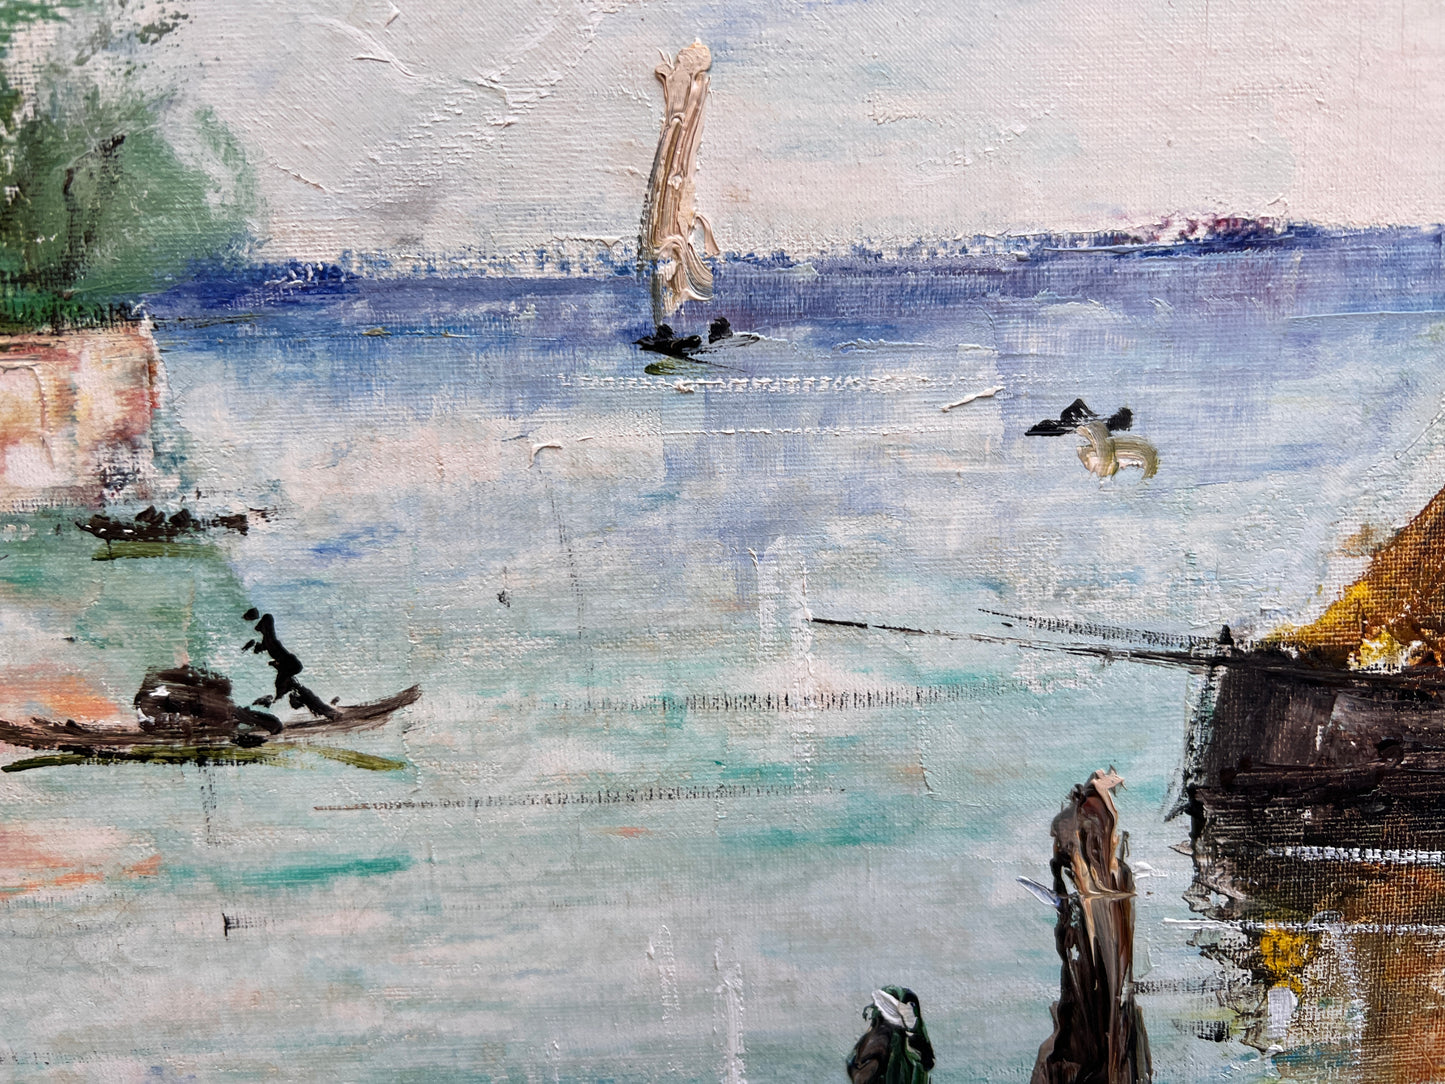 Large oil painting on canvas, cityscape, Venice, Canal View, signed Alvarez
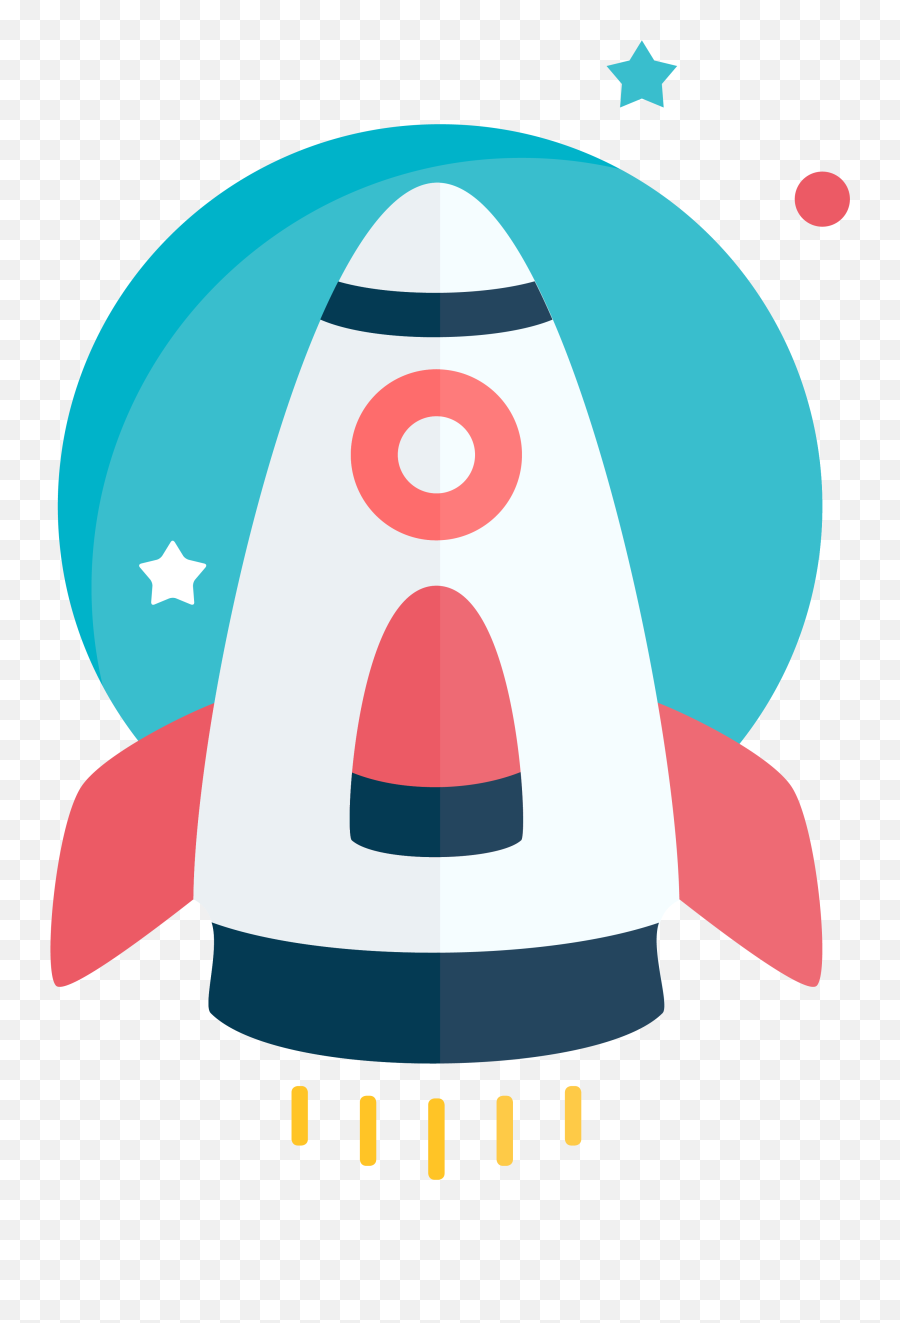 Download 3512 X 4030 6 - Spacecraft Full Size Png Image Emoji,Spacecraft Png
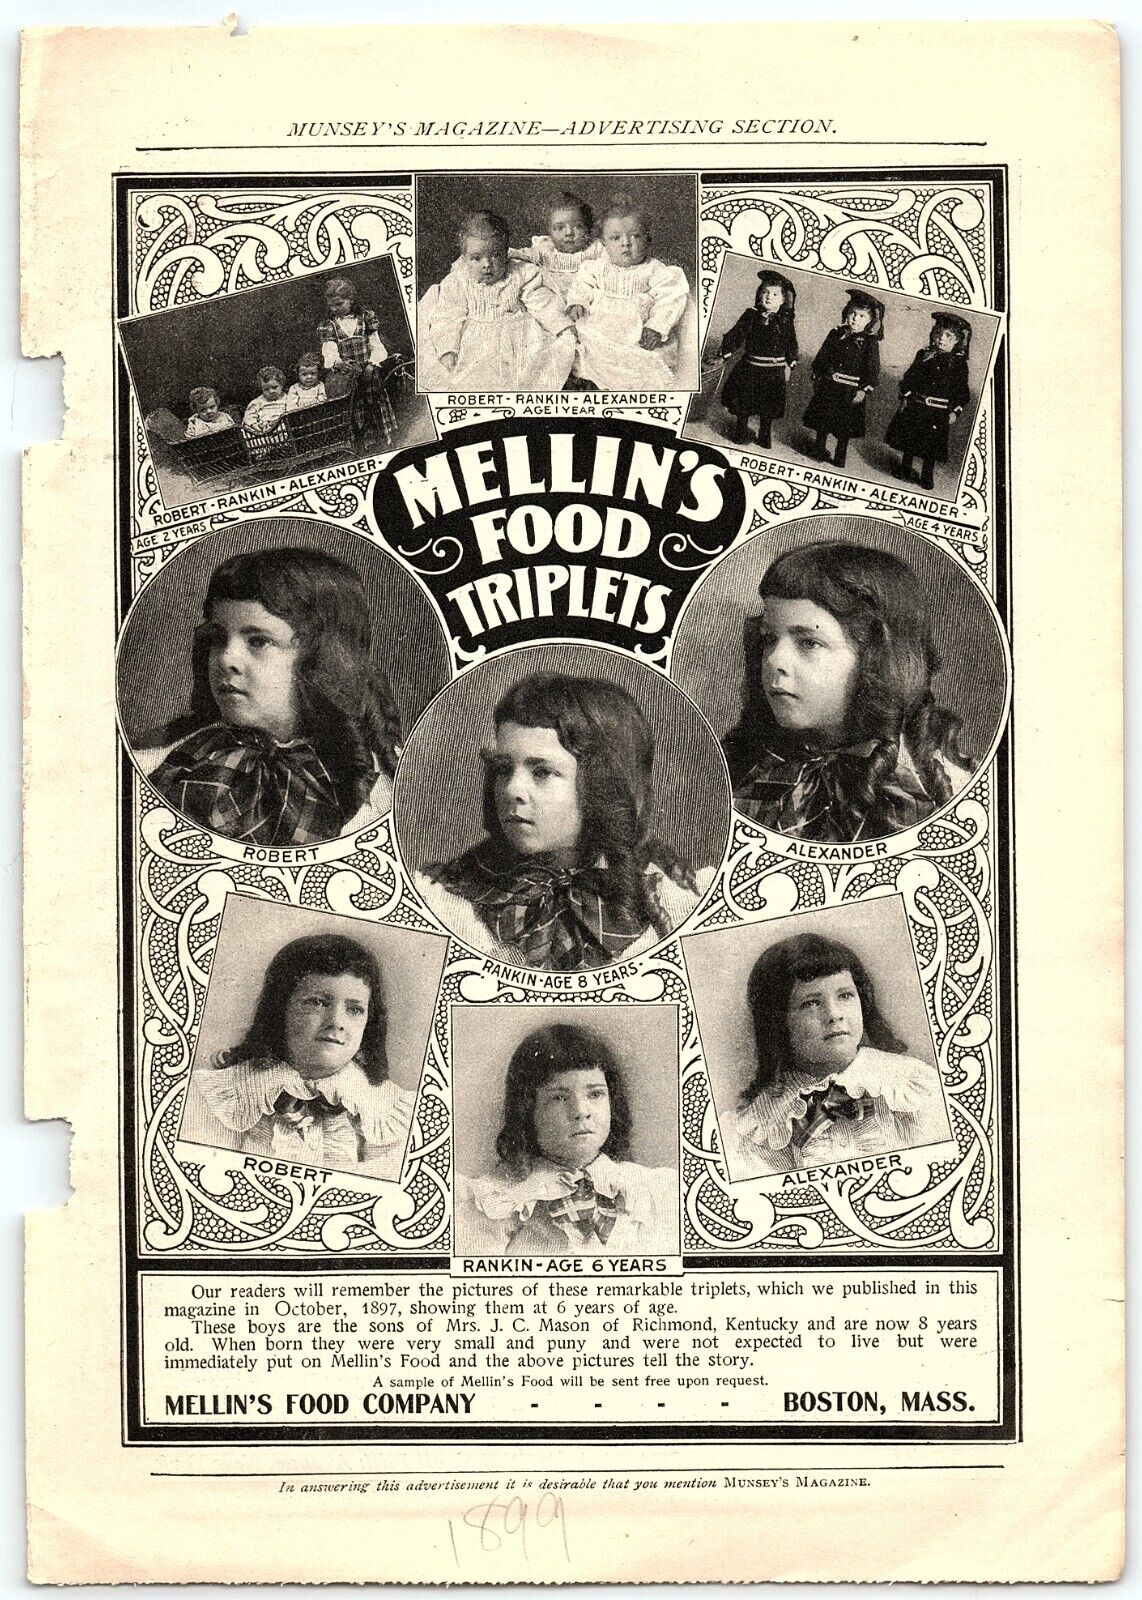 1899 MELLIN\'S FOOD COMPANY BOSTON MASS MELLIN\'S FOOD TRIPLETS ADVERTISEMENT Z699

____________

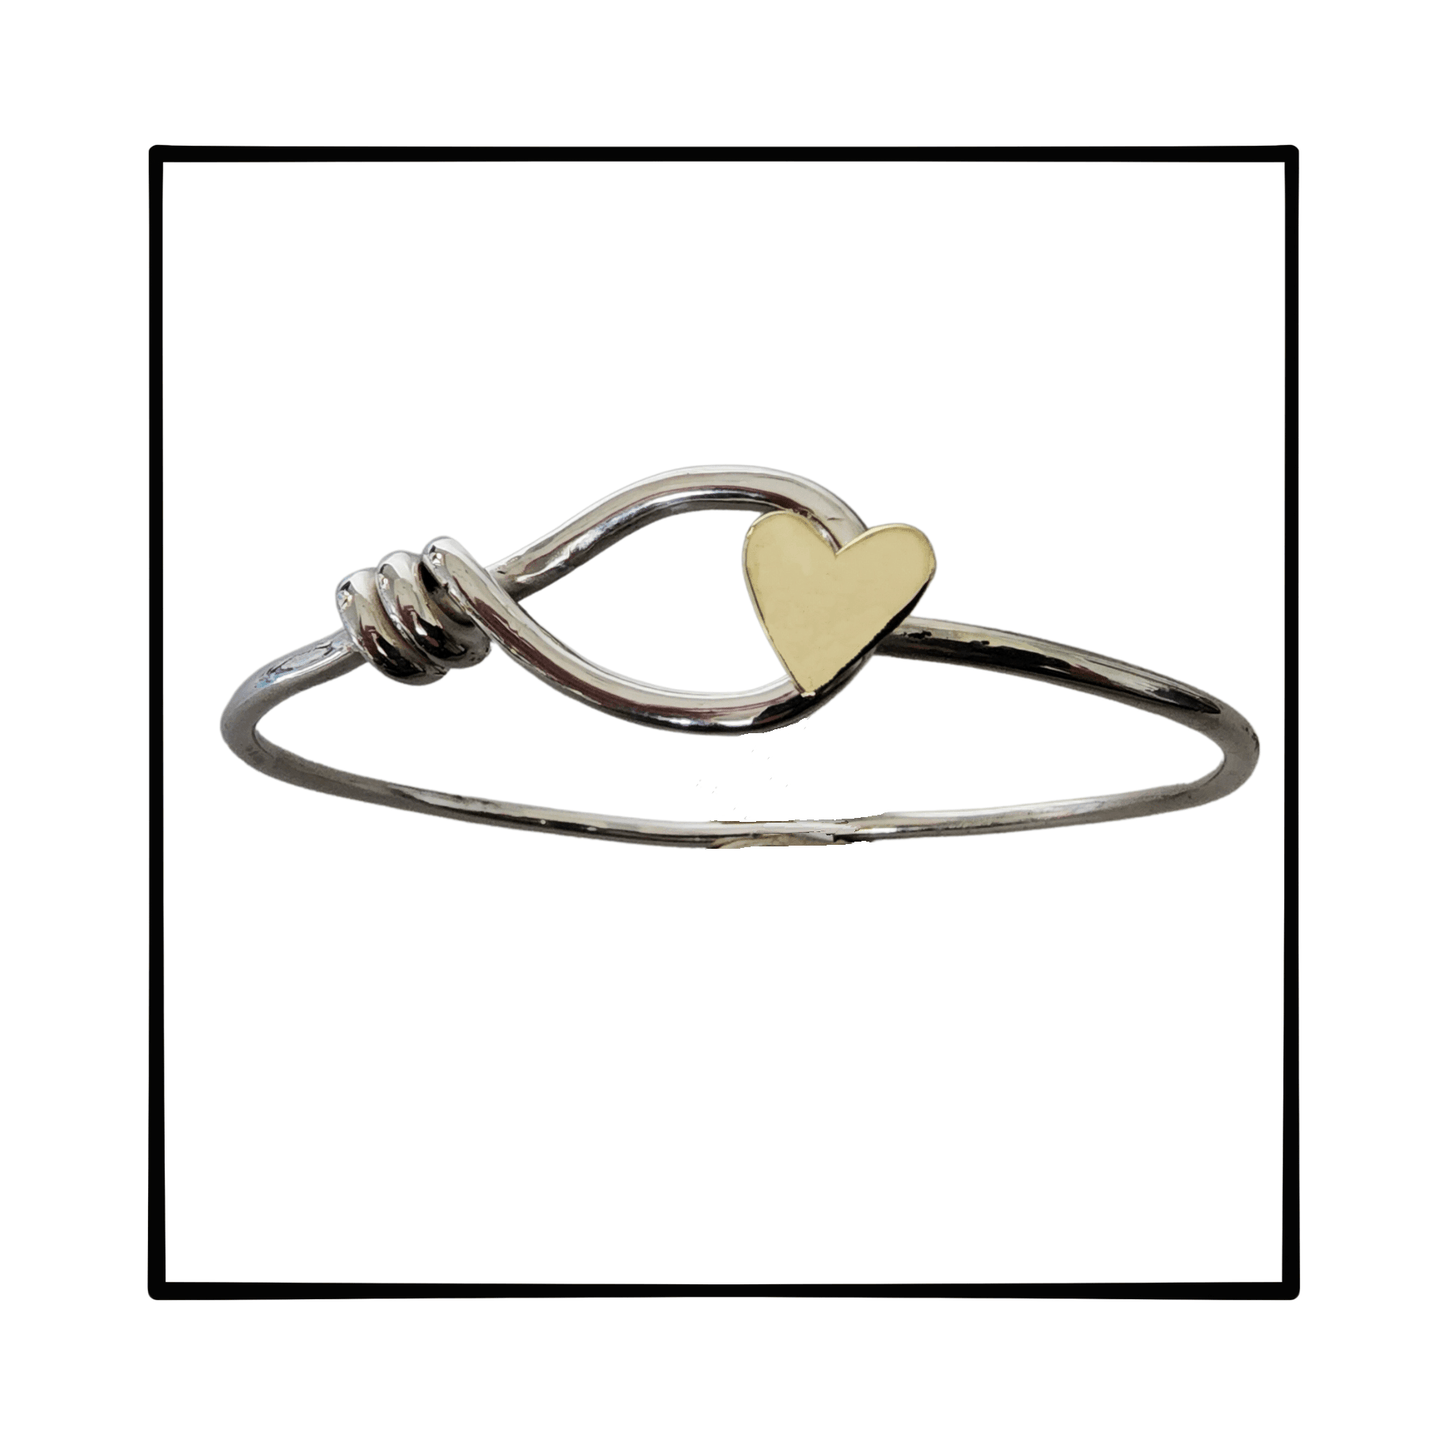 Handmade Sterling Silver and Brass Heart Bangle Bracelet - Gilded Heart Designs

____________

TASK:
In the listing above, find the line with "Download 3512 X" and the line with "1899 MELLIN\'S FOOD". Copy exactly those two and every line between, without the pictures.

THE ANSWER:
 Download 3512 X 4030 6 - Spacecraft Full Size Png Image Emoji,Spacecraft Png
 1899 MELLIN\'S FOOD COMPANY BOSTON MASS MELLIN\'S FOOD TRIPLETS ADVERTISEMENT Z699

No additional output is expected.